マンション住まいの場合、避けては通れない修繕積立金。どのような用途で使われるのかご存じでしょうか。
修繕積立金は、マンションを所有している限り支払い続けなければなりません。長期的に見ると多額の出費になるため、用途はもちろん、相場や値上げの可能性についても理解しておきたいところです。
この記事では、マンションの修繕積立金の概要、相場や値上げの要因について解説します。納得して修繕積立金を支払うためにも正しい知識を身に付けましょう。
分譲マンションの修繕積立金とは?
分譲マンションの修繕積立金とは、長期修繕計画に則った大規模修繕や自然災害による損害など、万が一の修繕に備え区分所有者が毎月積み立てる費用のことです。

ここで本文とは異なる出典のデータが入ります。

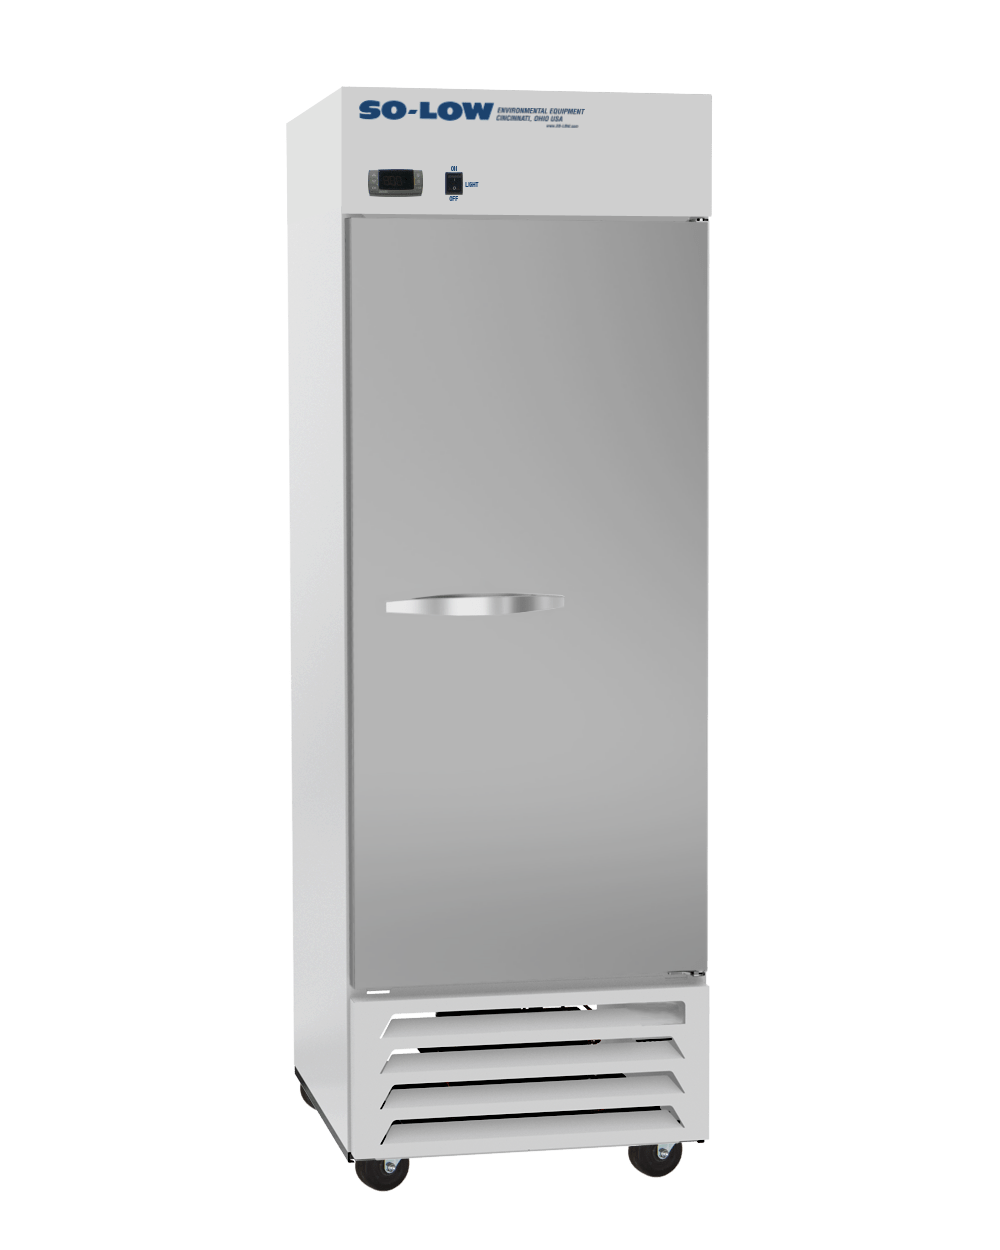 Solid Door Refrigerators So-Low 2ºC to 8ºC, 23 cu.ft., single solid door, Cycle Defrost, 115v

マンションの修繕には多額の費用がかかるため、不具合が生じてから修繕費用を用意するのは現実的ではありません。修繕積立金があれば将来の修繕費用を用意しておけるのです。
なお、プランどおりに修繕費用を積み立てられなくなることから、一度支払った修繕積立金は、マンションを売却しても返金されません。
混同されやすいですが、修繕積立金と「管理費」は別物です。修繕積立金の用途は「修繕」ですが、管理費の用途は「維持」。管理費は、共用部分の水道光熱費や管理会社への委託費用、設備点検などに使われます。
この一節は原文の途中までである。